▶ [Task statement]: Skip the pictures. Retype exactly, and only, the lines between the line holding "Falleció a los" and the last line below, inclusive.

▶ [Dataset section]:
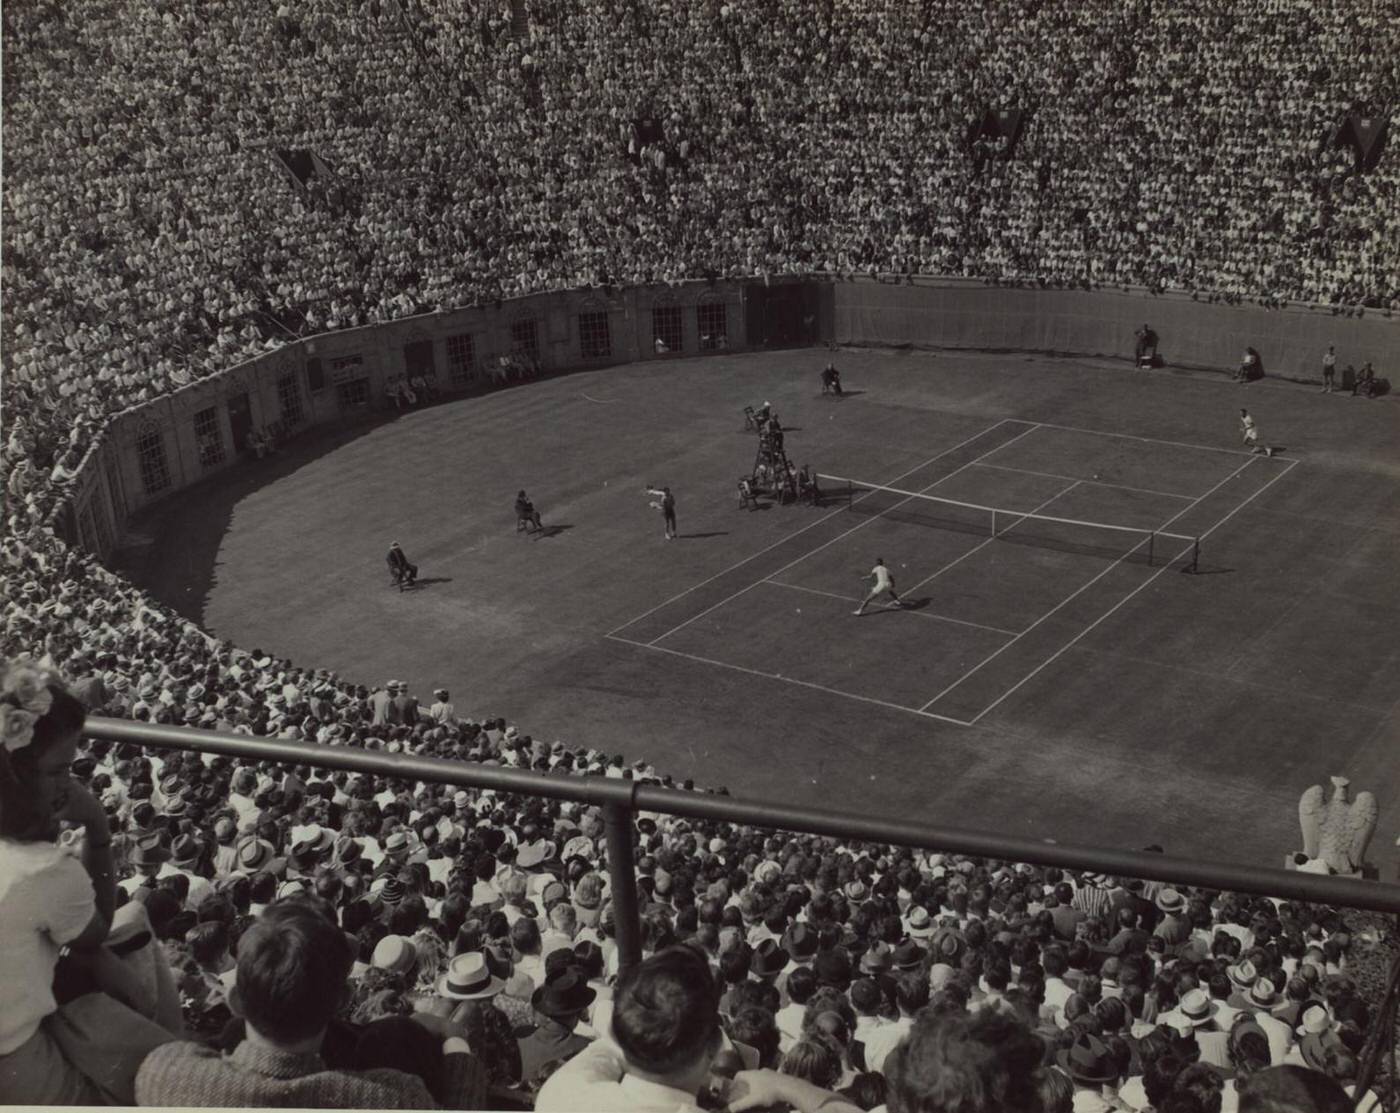 Forest Hills Tennis Stadium, Queens, 1950S.
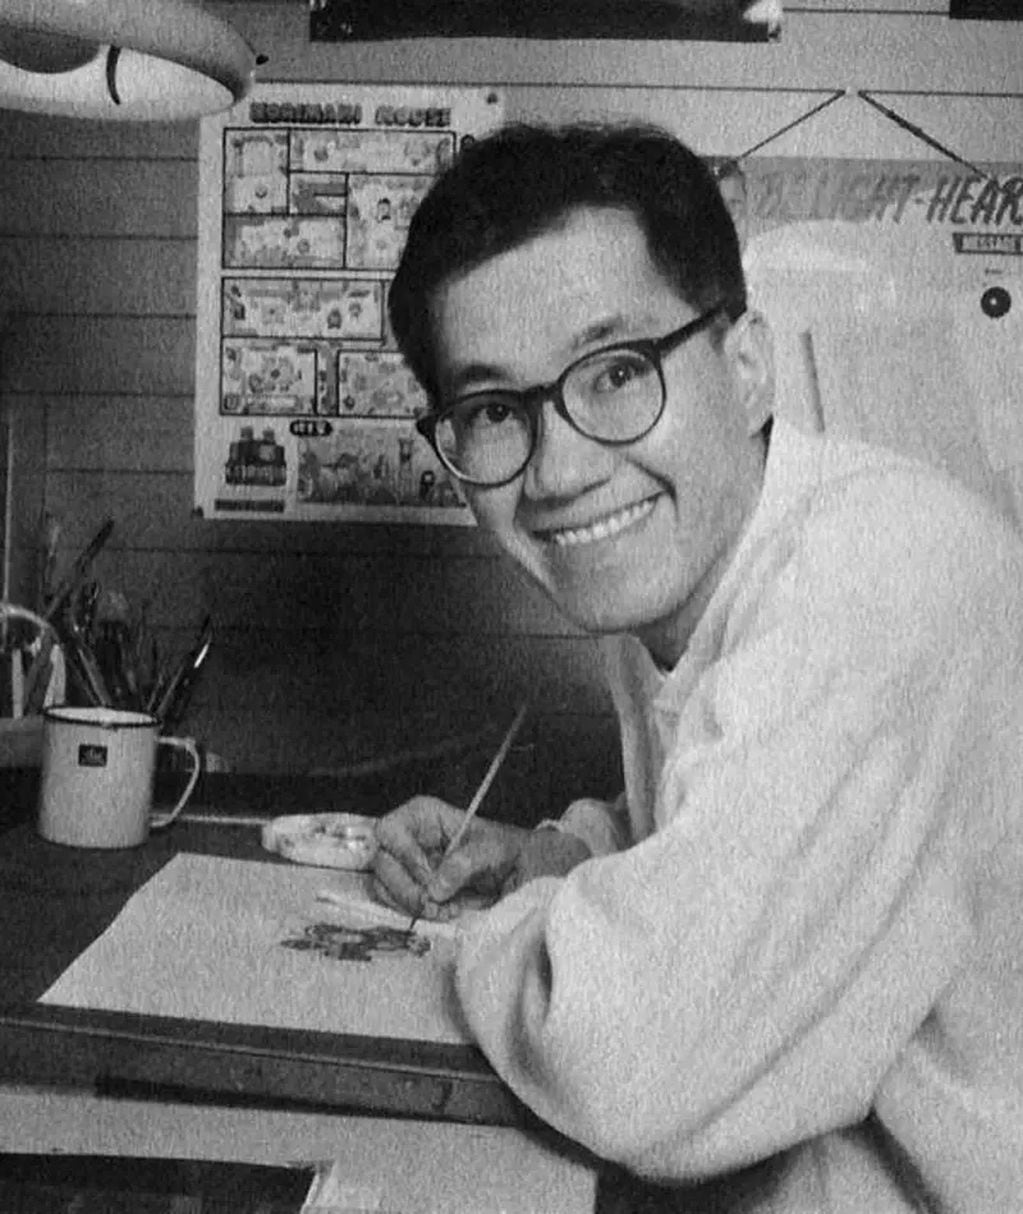 Falleció a los 68 años Akira Toriyama, creador de “Dragon Ball”
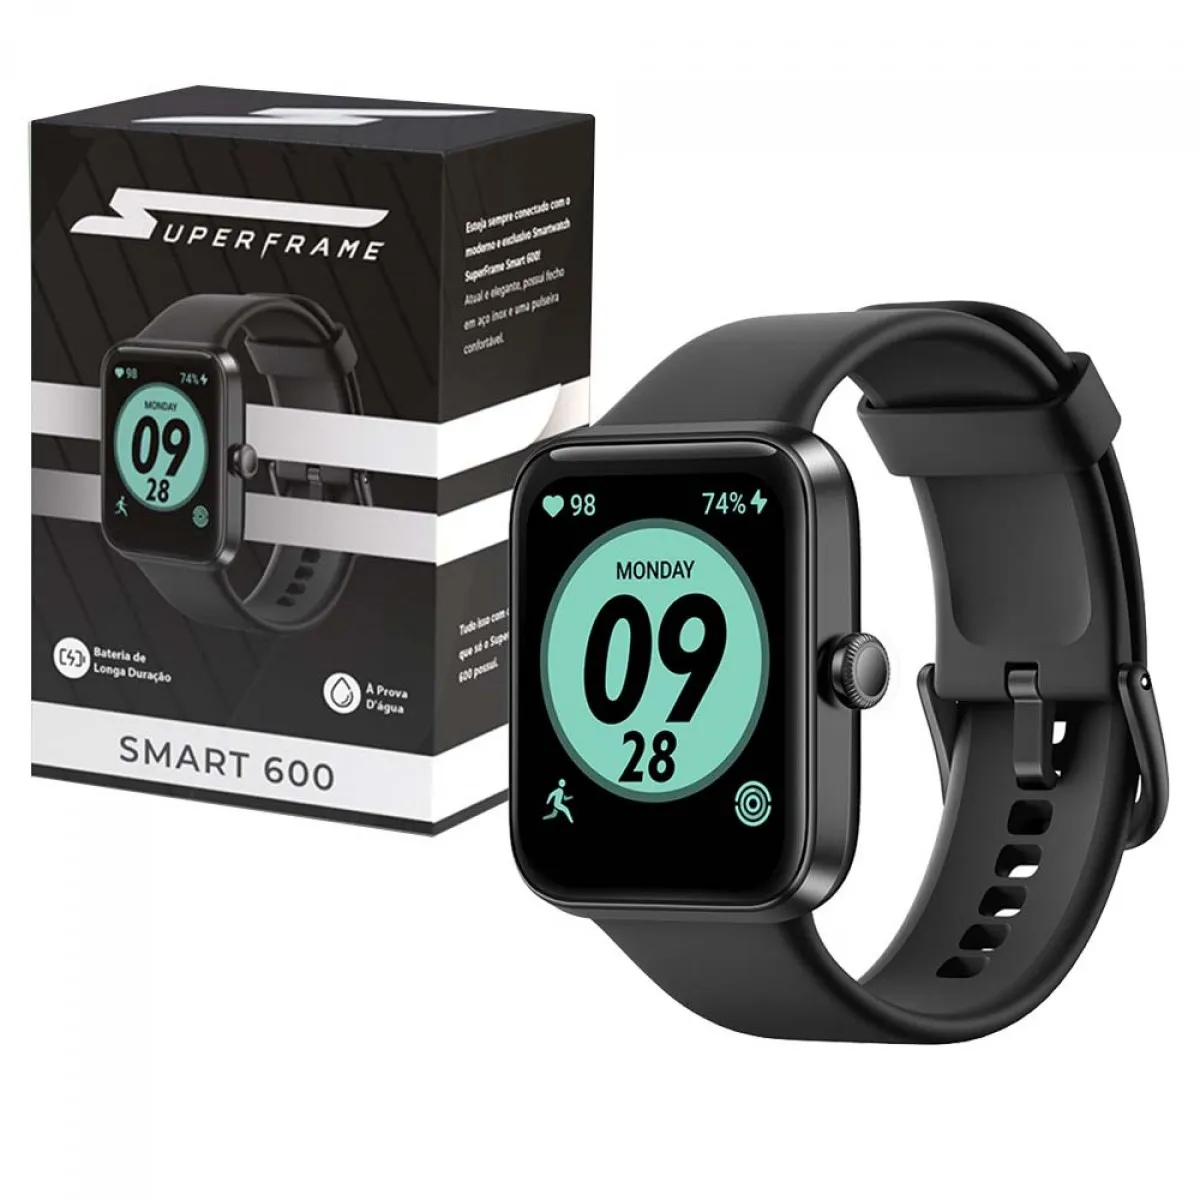 Smartwatch Superframe Smart 600

▶ [Completed task]:
 Falleció a los 68 años Akira Toriyama, creador de “Dragon Ball”
 Smartwatch Superframe Smart 600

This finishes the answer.